The Amsterdam, Netherlands-based firm announced this week its lead candidate ATIR101 received Regenerative Medicine Advanced Therapy (RMAT) designation from the US Food and Drug Administration (FDA), a fast-track development pathway for cell therapies created through the 21st Century Cures Act last year.
Kiadis spokesman Karl Hård told this publication the firm is exploring various options to expand capacity in order to treat more patients, both in Europe and the US.
The product is made by obtaining donor lymphocytes to provide protection against relapse and infection, with those lymphocytes that may attack the patient and cause graft versus host disease selectively killed.
“We do this by activating those patient specific lymphocytes by mixing the donor graft with patient materials, which causes patient specific lymphocytes to become activated,” he said. “In those activated lymphocytes a proprietary photosensitive compound, TH9402, that we add will accumulate, in other lymphocytes this compound is pumped out.”

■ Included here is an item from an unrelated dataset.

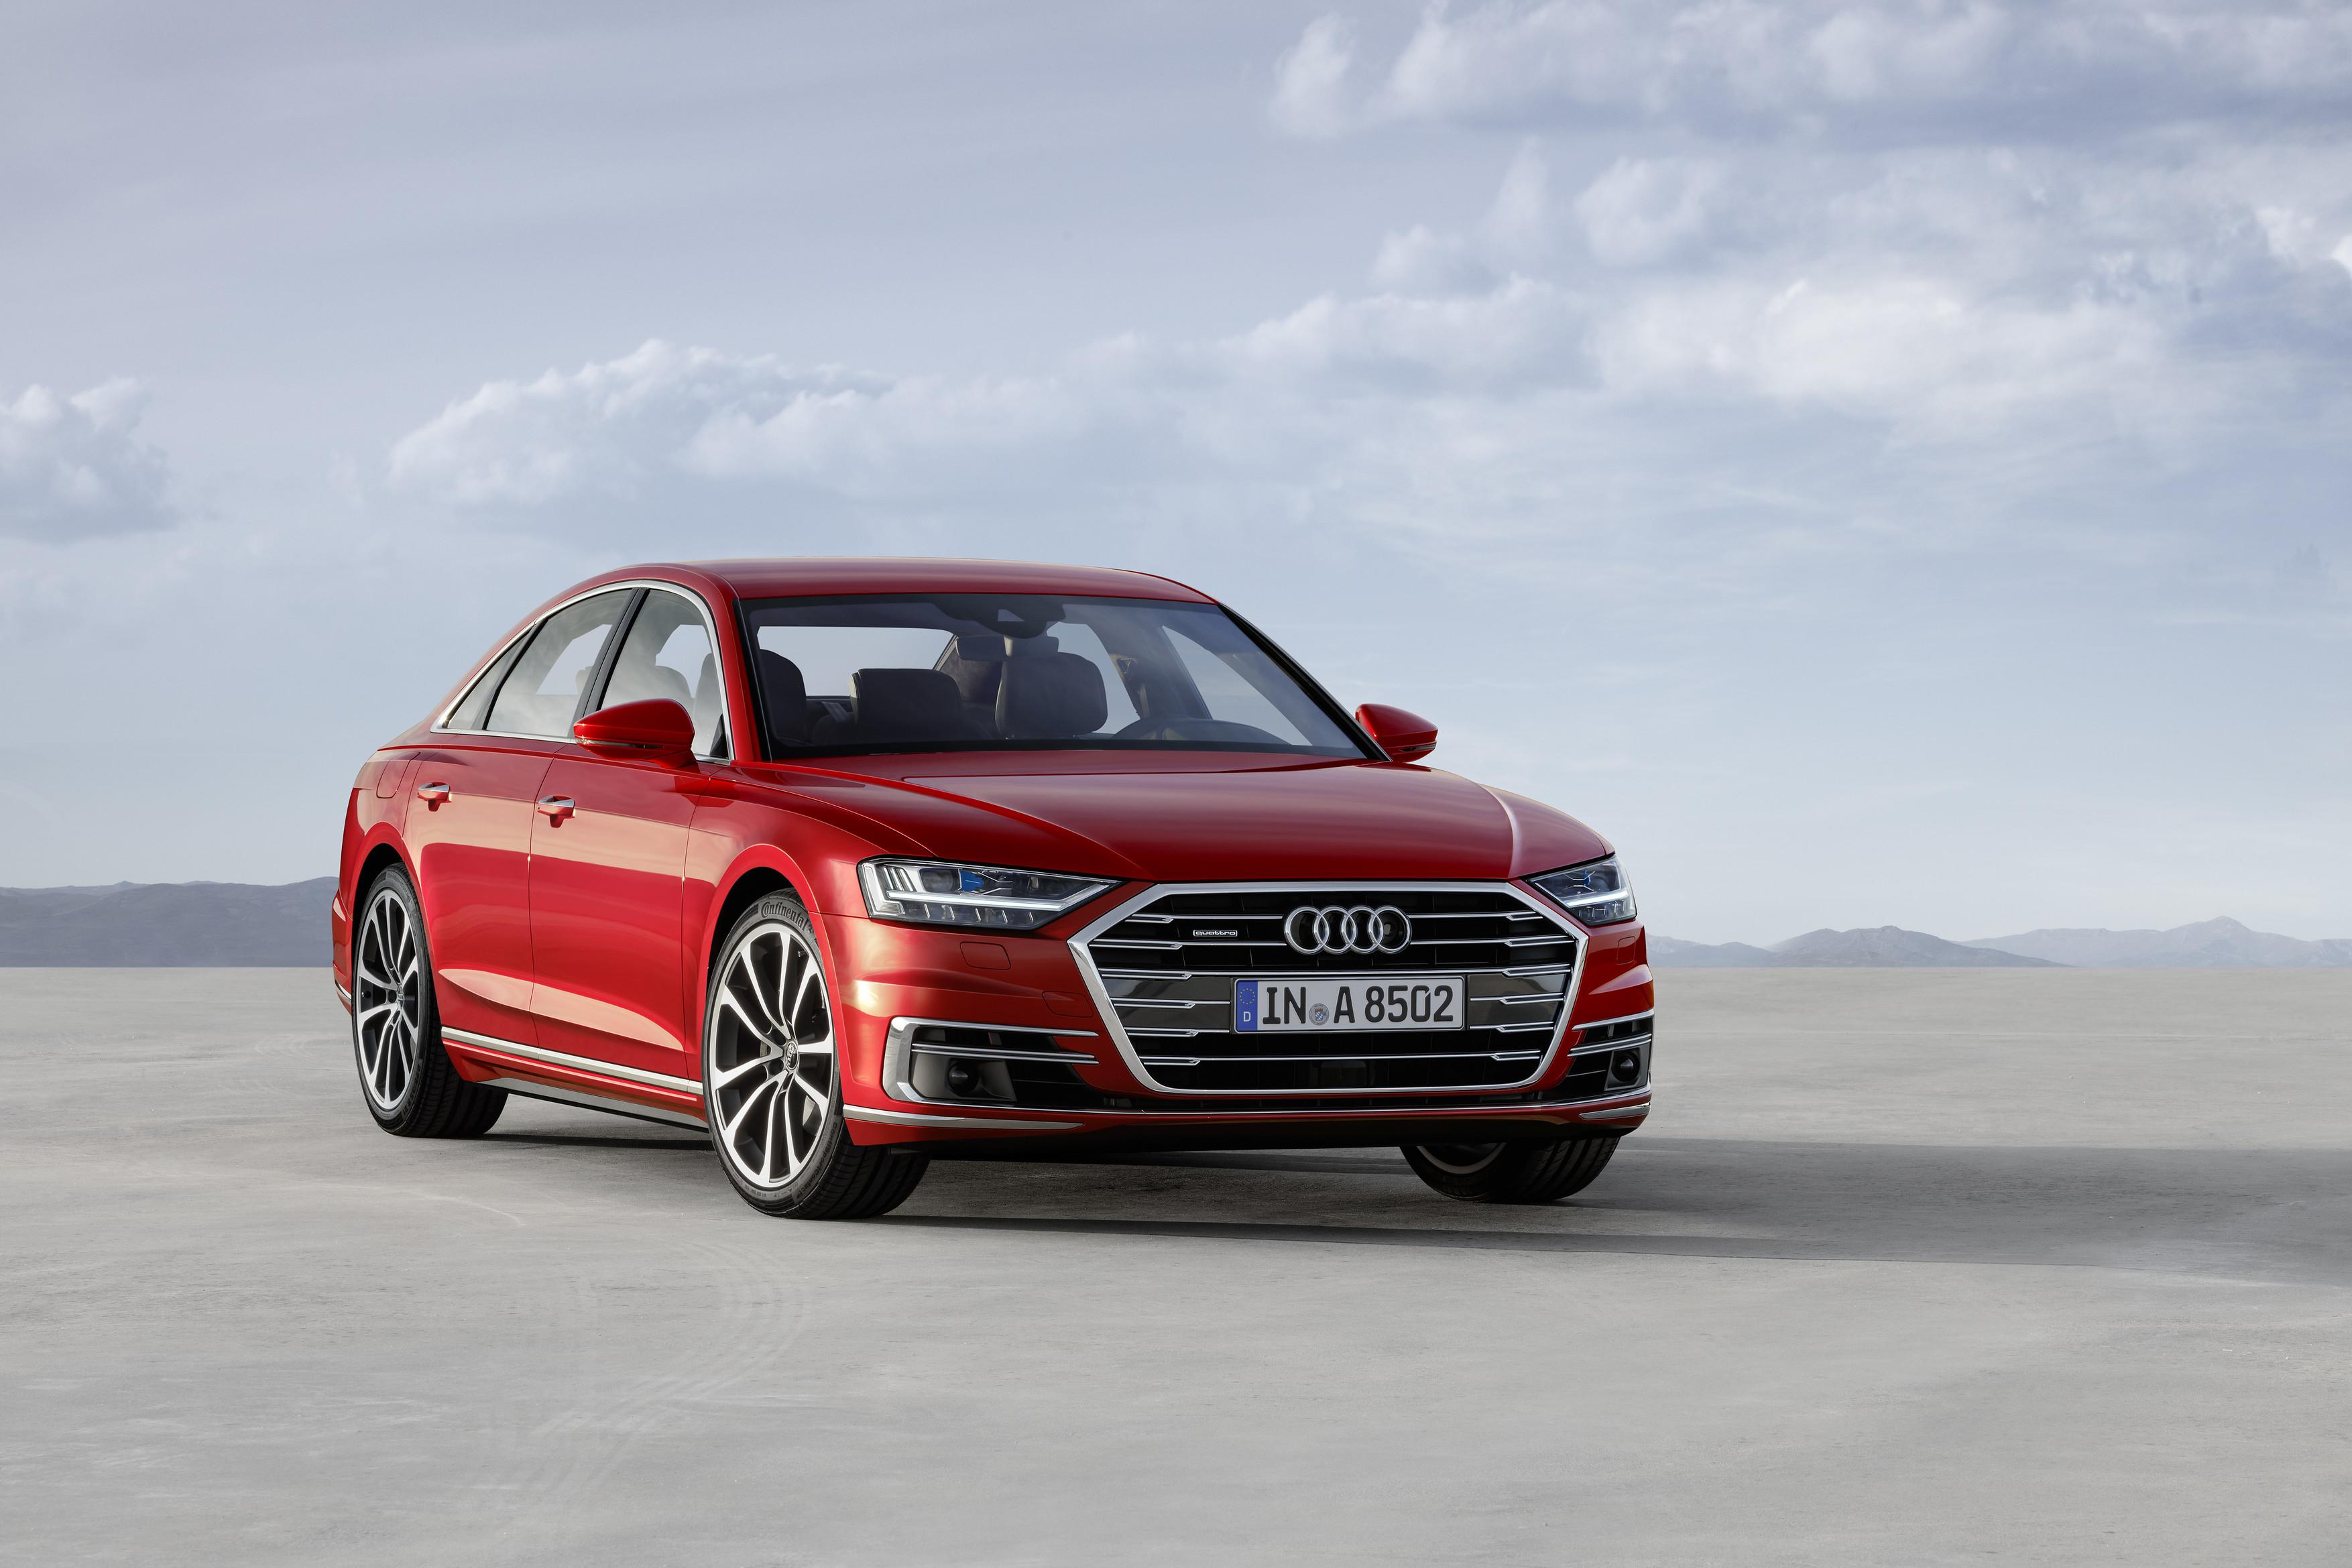 L'Audi A8 telle qu'elle est vendue actuellement.

When exposed to green light TH9402 is activated killing the patient specific GVHD causing lymphocytes, he continued.
“The remaining lymphocytes that can still protect against relapse and infection are then frozen into liquid nitrogen, sent to the transplant clinic and infused into the patient. The whole process takes 5 days, of which 4 days in an incubator, and does not involve genetic engineering.”

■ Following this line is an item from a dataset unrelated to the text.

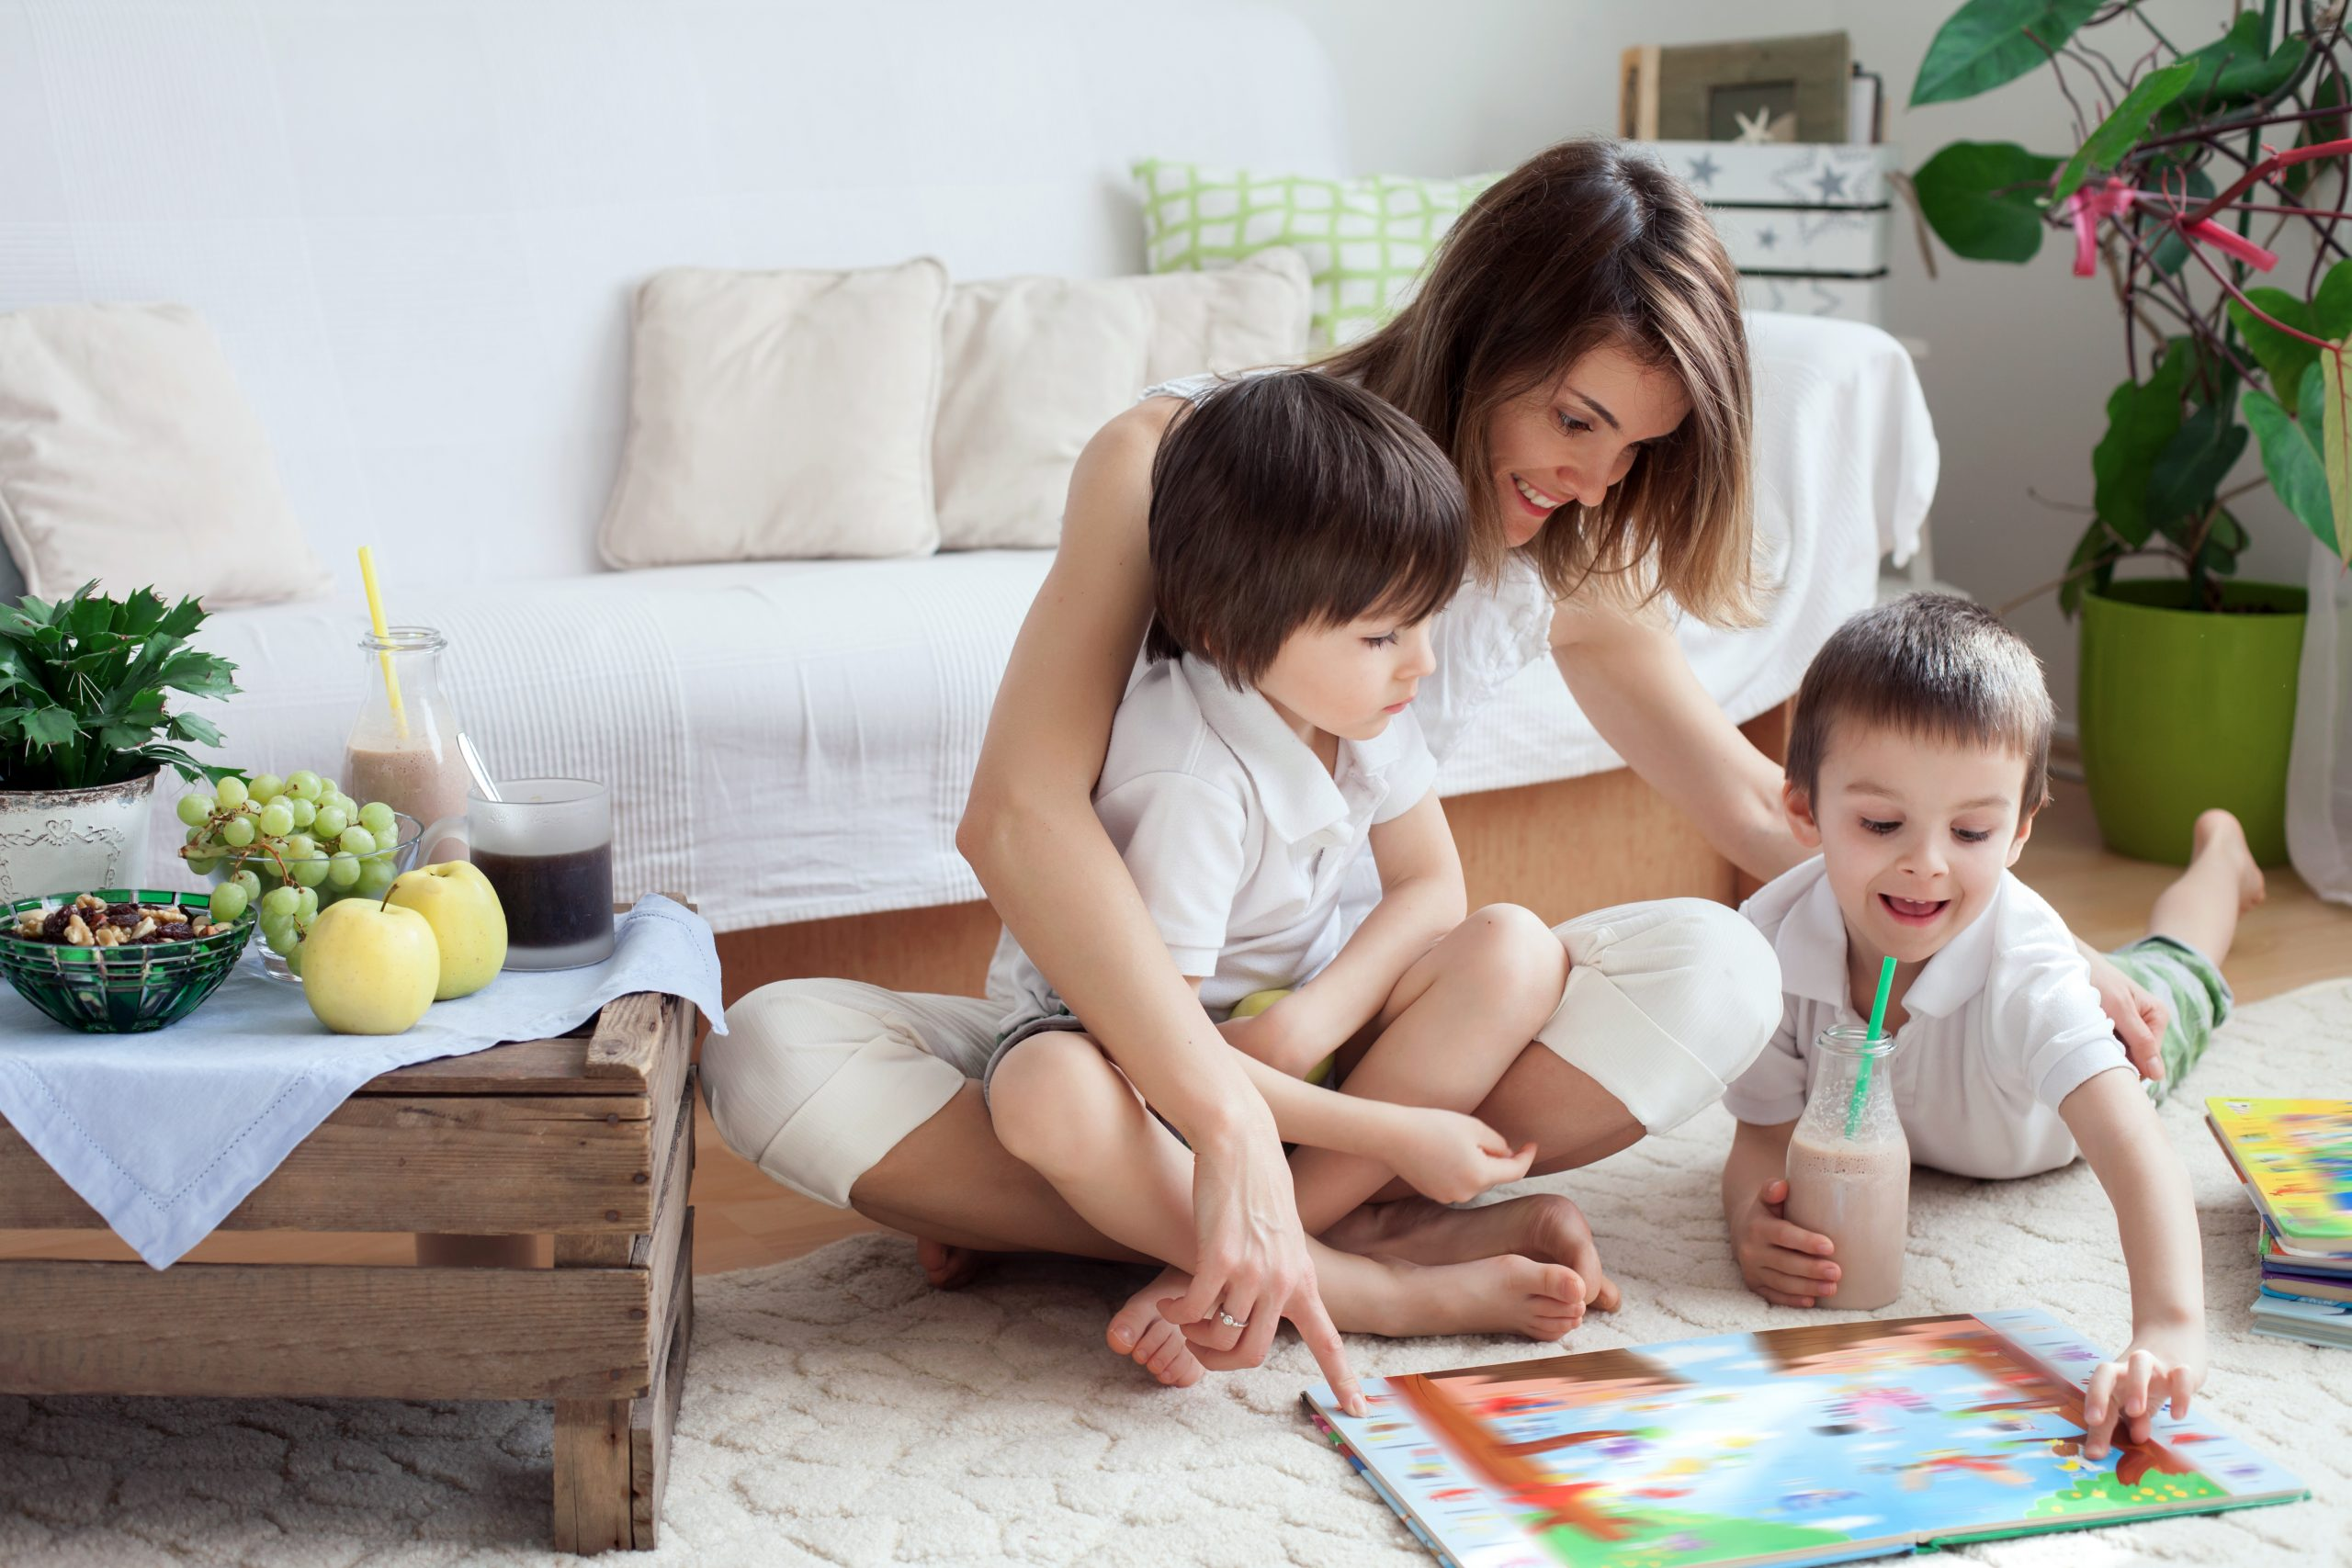 Korona Virüs Döneminde Çocuklar ile Evde Vakit Geçirmek

Currently Kiadis uses German contract manufacturing organisation (CMO) Blutspendendienst for the manufacture, while critical release assays performed in-house.
As every production of ATIR101 is patient-specific, Hård said the production challenges lie in the logistics rather than the scale-up.
“The patient specific manufacturing process does not require scale up in the classical sense of increased batch size or volume, and the current batch size per patient is adequate,” he said.
“The main challenge is establishing a robust logistics and track-and-trace system, with patient specific batch release and associated Quality systems. This challenge is new to pharma, but we can of course learn a lot from experience in other industries (e.g., fedex or amazon).”
A similar challenge was recently raised following the approval of Novartis’ Kymriah (tisagenlecleucel) late last month. The product was the first FDA approved chimeric antigen receptor (CAR) T-cell therapy and – according to logistics firm Trakcel – require a far more complex and time-critical supply chain.
“CAR-T is an autologous therapy, as personalised as therapies get – the patient is part of the supply chain because a CAR-T therapy is produced from the patient’s own cells,” CEO Ravi Nalliah recently told Biopharma-Reporter.
“It is critical that the cellular material produced from one patient is only used to treat that patient. This requires a higher level of tracking than other cold-chain products that are not patient-specific.”